I’m assuming you mean irrational numbers, so I’m just going to prove that a single number with infinite decimals exist. Let’s use the square root of two. Any number with a limited amount of decimals can be represented with a fraction of intergers, a quick way to think about it is the number 1,23 is 123/100, 1,234 is 1234/1000 and so on.

So now since we know that any number with a finite numbers of decimals is a rational number and we are claiming square root of two *(sqrt(2) from now on)* is a number with a finite number of decimals then this means square root of two can be represented as a fraction.

So we say that

sqrt(2)= P/Q

where P and Q are positive intergers. We can make sure that P and Q are one even and the other odd by reducing the fraction (the same way we can say 6/4=3/2, 6 and 4 are both even but 3/2 one is even and the other one is odd)

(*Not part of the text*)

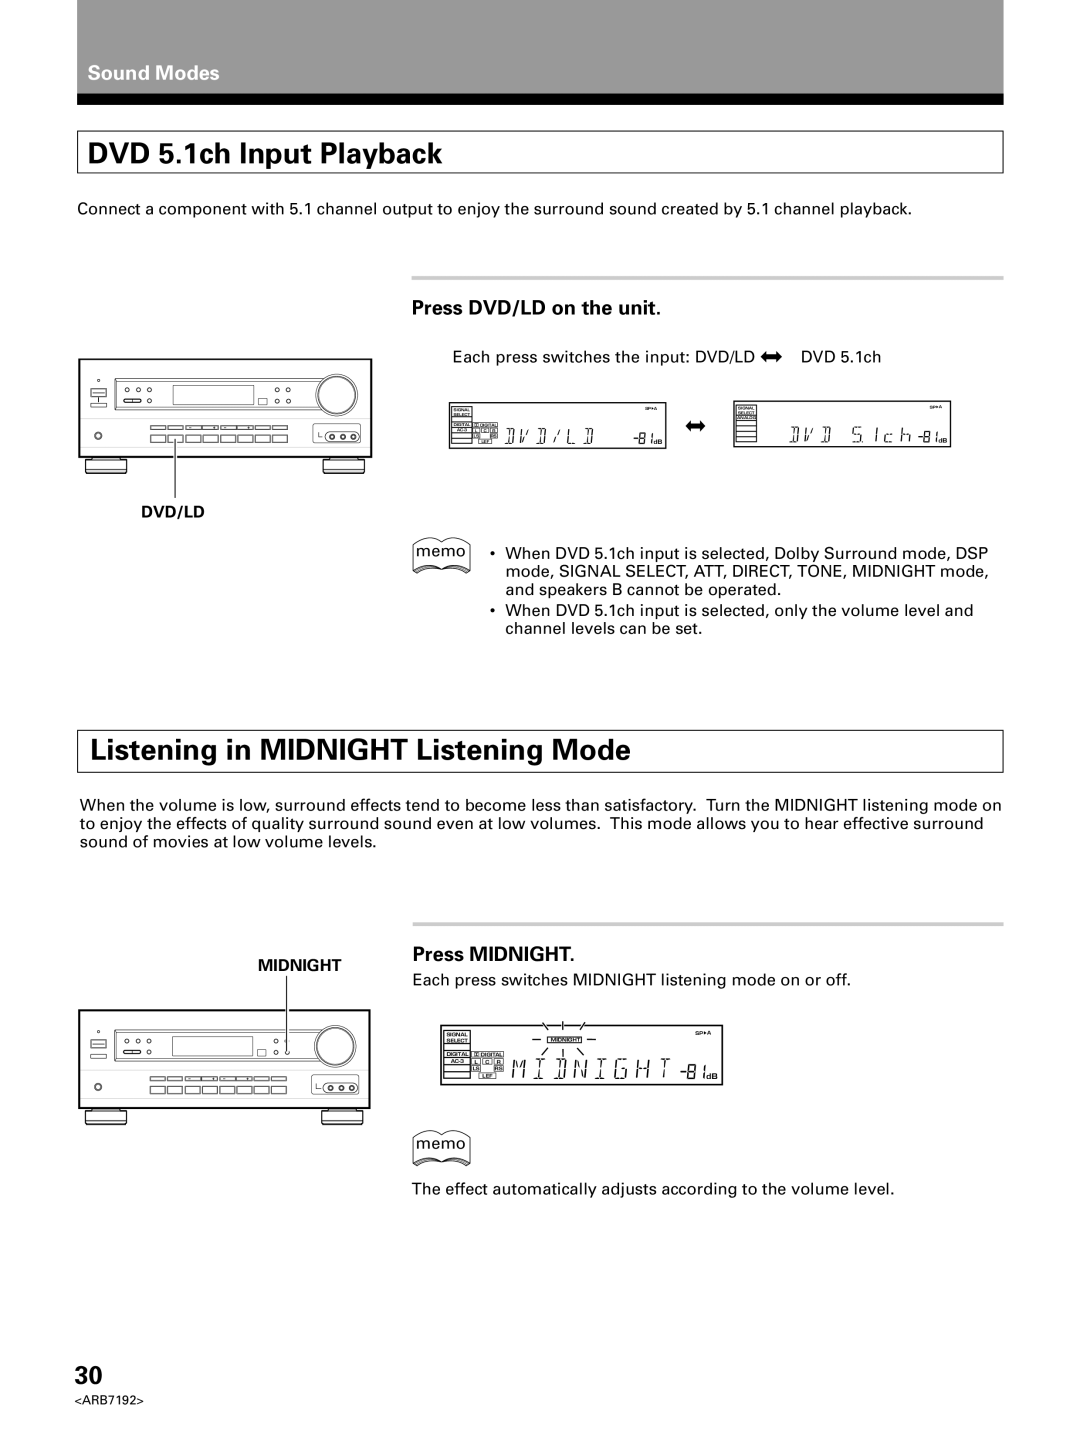 Pioneer VSX-D498 DVD 5.1ch Input Playback, Listening in MIDNIGHT Listening Mode, Press DVD/LD on the unit, Press MIDNIGHT

EDIT/CORRECTION: we can’t make sure P and Q are an even and an odd number (since 3/5 doesn’t have an even and an odd) but we can make sure that they don’t have common factors, meaning both numbers can’t be even since if both are even we can reduce the common factor of 2. So either both are odd or one is odd and the other is even.

So now we square both sides of the equation and get that

2=P^2 /Q^2

2* Q^2 = P^ 2

So if P^2 can be written by an interger times 2 then it means that P has to be even. So we know Q has to be the one that is odd.

Since P is even then we can write is as 2*M where M is an interger and therefore

P^2 = 2^2 * M^2 = 4* M^2

Ang going back to Q we get

2* Q^2 = 4* M^2 and moving the two we get

Q^2 = 2* M^2 which now tells us Q is an even number since is is the result of 2 times a positive integer for the same reason P was. This is an inconsistency since we specifically selected P and Q from one being even and the other odd.

So from assuming sqrt(2) could have a finite amount of decimals we got to an absurd of an odd number being even. Therefore sqrt(2) must have an infinte amount of decimals.

Similar demonstrations can be done with other numbers but this is just to prove that numbers with infinite decimals do exist.